Yep...and a corollary is that you cannot buy either tripods or heads on specs/reviews alone. Both will usually overstate capacity and rigidity. If you have a brick and mortar store, try it out in person. If you don't, be willing and prepared to eat shipping to return online orders until you get one that works.*

There are are three divergent factors at work here:
  • Affordability
  • Weight
  • Stability
Some might also add quality/durability. If the kit (legs + head) you choose is light, stable and affordable, be prepared to find at some point that it will under-perform with heavier load or in a breeze or when fully extended.
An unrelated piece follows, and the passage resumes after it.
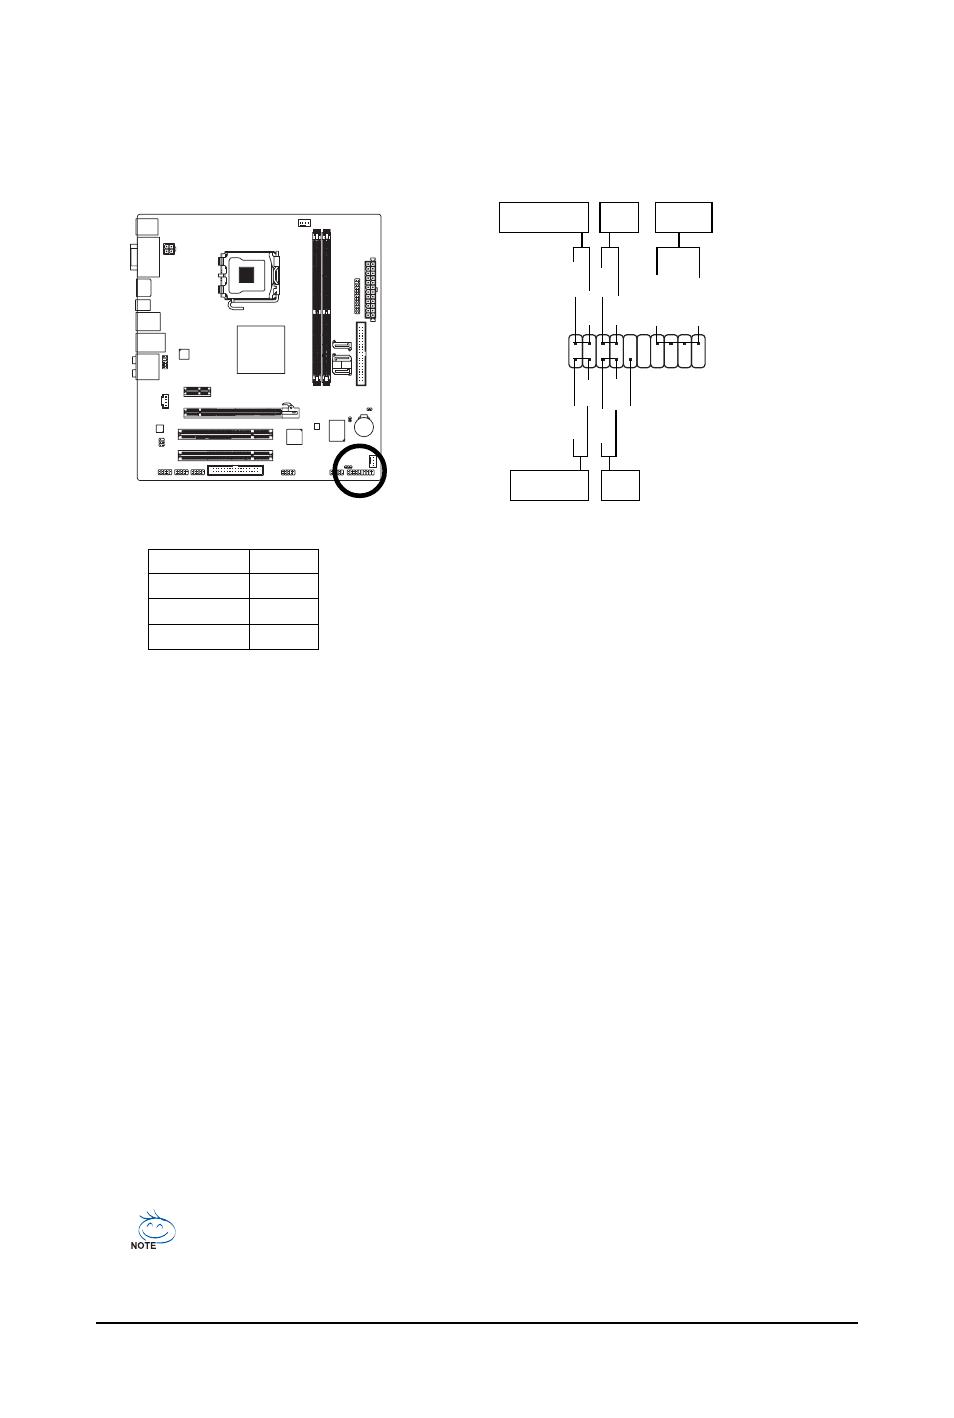 10) f_panel (front panel header) | GIGABYTE LGA775 Socket Motherboard for  Intel GA-73PVM-S2H User Manual | Page 28 / 100

Note that capacities are based on the notion of well-balanced and level load. The legs or head may very well flex or "sag" if the load is front-heavy or the camera pointed downward. Be aware too that one's quick-release plate might leverage flex of the camera bottom plate, even if well-matched.**

A few generalizations:
  • Carbon fiber composite construction may be a good thing or it may make no difference except weight or it may under perform at a given weight. My two set of legs are both tubular aluminum alloy, were modestly priced ,and perform adequate to purpose. I don't know if upping the price point for quality carbon would have increased the value point.
  • Head choice is important such that an under-built head will defeat the best of legs.
  • Ball head is not always the best match to a particular task, but is often the best compromise. If one does specialty work (macro, astro, medium/large format, birds-in-flight, etc.) think carefully before sinking big bucks into a head that is poorly matched to intended purpose.
  • Travel tripods are an exercise in compromise.
  • People bad-mouth having/using a center column. I find mine useful, though I will admit that my travel tripod has a stub column (see above point).
  • How many leg sections? For a given weight and height extended, a four section will have a flimsier final section than a three section set of legs. Similarly, the four section will be more compact than the three section. My main tripod is four section and I seldom use the full extension; preferring instead to get the last bit with the center column (see point above) in interest of rigidity. My travel tripod has three sections and is a bit too long for easy in-luggage storage; that said, the four section version of same was unusable at full extension (see two points above).
  • Beware of proprietary quick-release systems. While they generally work very well, they may not be a good choice if using a mix of tripod-mounted gear. "Arca-Swiss compatible" is the magic phrase.
  • Be aware that compatibility varies between brands of Arca compatible plates and clamps. I have a couple of plates that do not seat fully onto one of my clamps. Tang depth and angle are often not compliant. One does not have to buy Arca-brand ($$$), but do be aware that claiming compatible is only a claim and that clamps/plates from an established maker may be a good idea.
  • What works well, headwise, for still photography is probably not going to cut it for video.
The above is based on personal experience and as such, YMMV.


Steve

(...no, there are no brand or model recommendations...)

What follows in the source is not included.